The pulvinar is the largest thalamic nucleus in humans. It has reciprocal connections with the parietal, temporal, and occipital association cortices. It is involved in visual attention, language, and multimodal sensory integration.
Clinical correlates:
Thalamic syndrome (Dejerine-Roussy syndrome) results from a vascular lesion (usually a stroke in the thalamogeniculate artery, a branch of the posterior cerebral artery) affecting the VPL nucleus. Initially, there is contralateral loss of all sensation. As the lesion partially recovers, the patient develops excruciating, spontaneous, burning pain on the affected side — thalamic pain. This pain is poorly localised, emotionally distressing, and resistant to analgesics. It represents one of the most difficult pain syndromes in clinical medicine. The mechanism involves denervation hypersensitivity of thalamic neurons and loss of normal inhibitory gating.

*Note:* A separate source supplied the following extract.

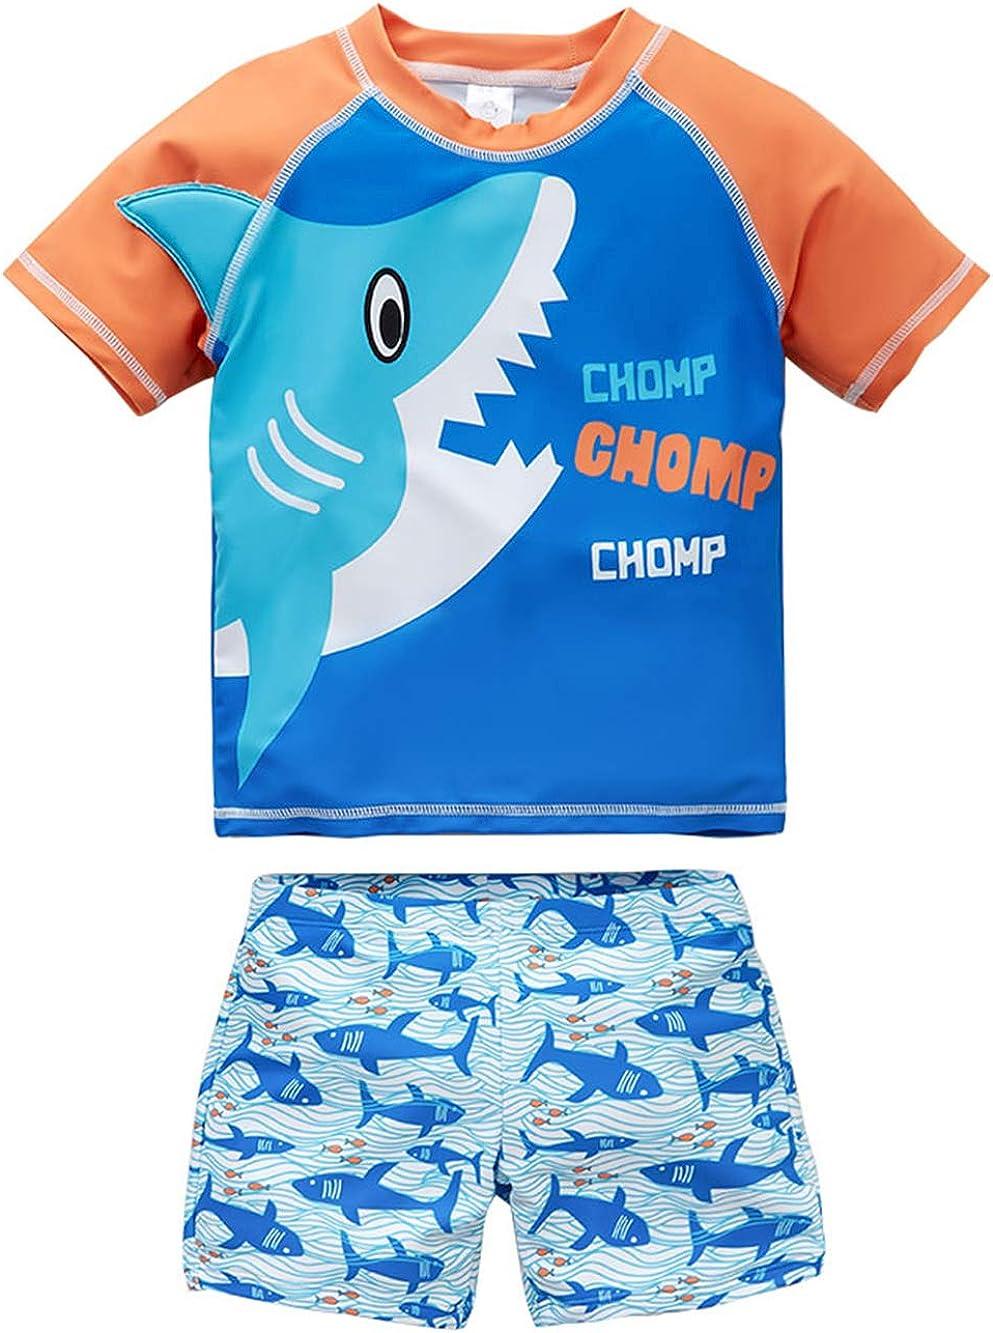 kavkas Baby Special sale item Boy Swimsuit Toddler Rash Set Guard B Two Piece Swim Ranking TOP7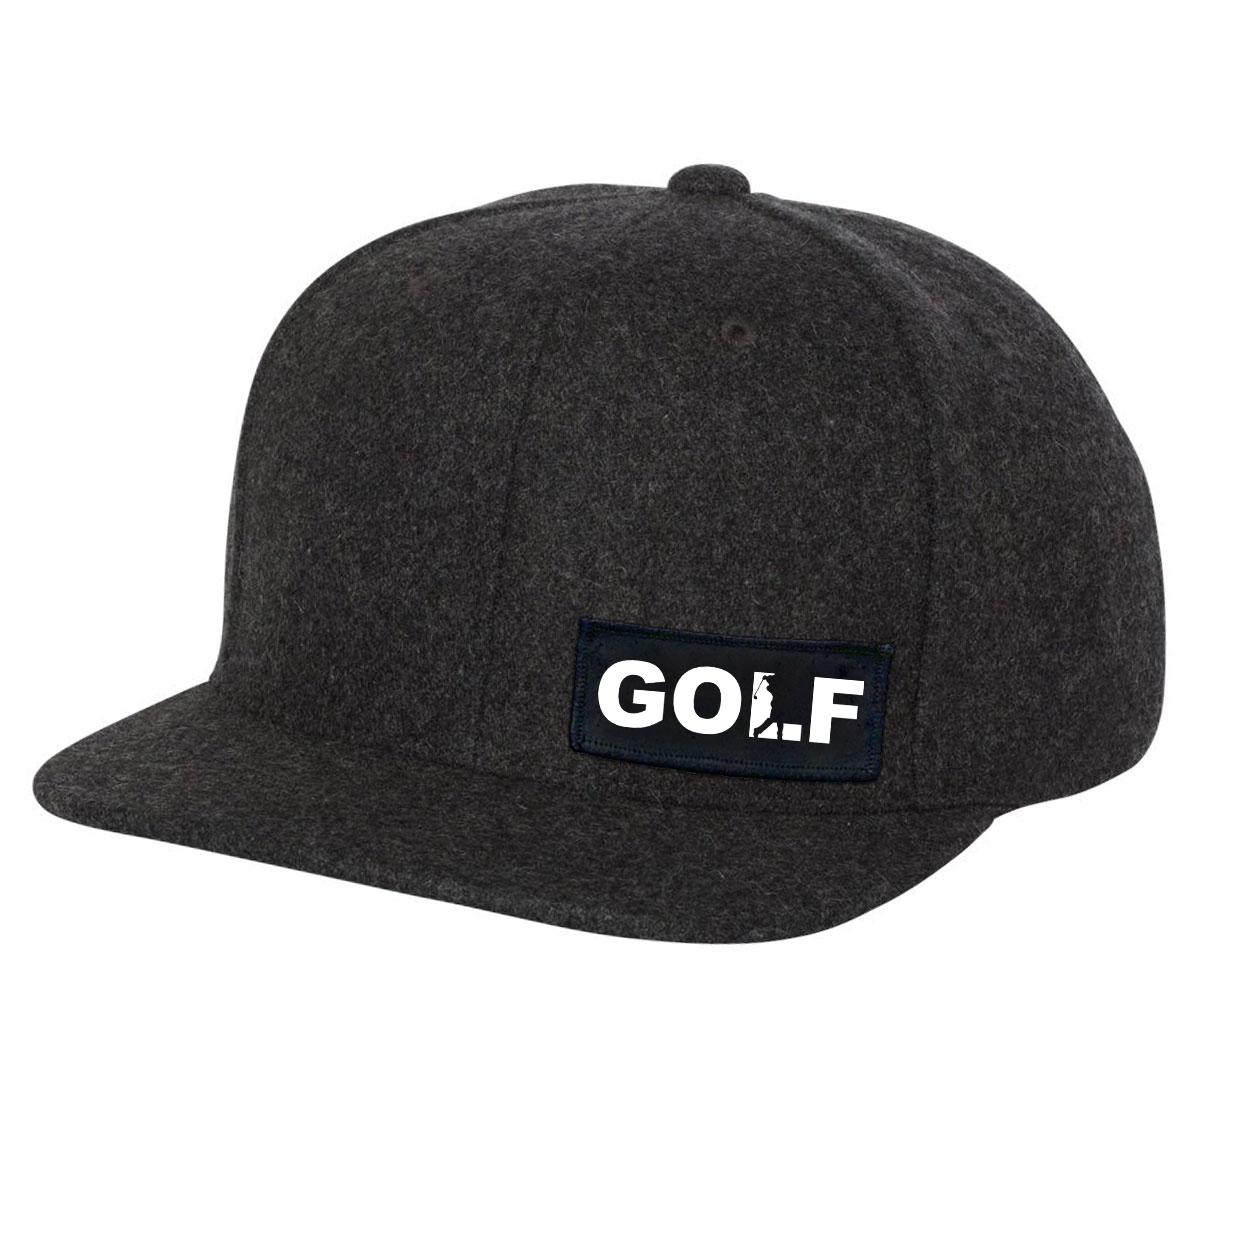 Golf Swing Logo Night Out Woven Patch Flat Brim Snapback Hat Dark Heather Gray Wool (White Logo)

Figure: Clinical correlates:
Thalamic lesions can also cause: contralateral hemianaesthesia (loss of all sensation), thalamic hand (abnormal posturing), and cognitive deficits if association nuclei are involved. Bilateral thalamic infarcts can cause coma because of the thalamus's role in maintaining cortical arousal.
SELF-CHECK
A 60-year-old woman with a history of hypertension presents with progressive difficulty initiating movements, a shuffling gait, a tremor in her right hand that disappears when she reaches for a glass of water, and a fixed facial expression. On examination, she has increased muscle tone with a cogwheel character. Which of the following structures is most likely affected?
A. Lateral cerebellar hemisphere
B. Substantia nigra pars compacta
C. Subthalamic nucleus
D. Ventral posterolateral nucleus of the thalamus
Reveal Answer
Answer: B. Substantia nigra pars compacta
This is a classic presentation of Parkinson's disease: resting tremor (disappears with voluntary movement — key distinguishing feature from cerebellar tremor), bradykinesia (difficulty initiating movements, shuffling gait), rigidity (cogwheel), and masked face. The pathology is degeneration of dopaminergic neurons in the substantia nigra pars compacta (SNc). Loss of dopamine shifts the basal ganglia balance toward the indirect pathway, increasing thalamic inhibition and reducing cortical motor output. Cerebellar lesions cause intention tremor (worse with movement) and hypotonia. STN lesions cause hemiballismus. VPL lesions cause sensory loss, not motor symptoms.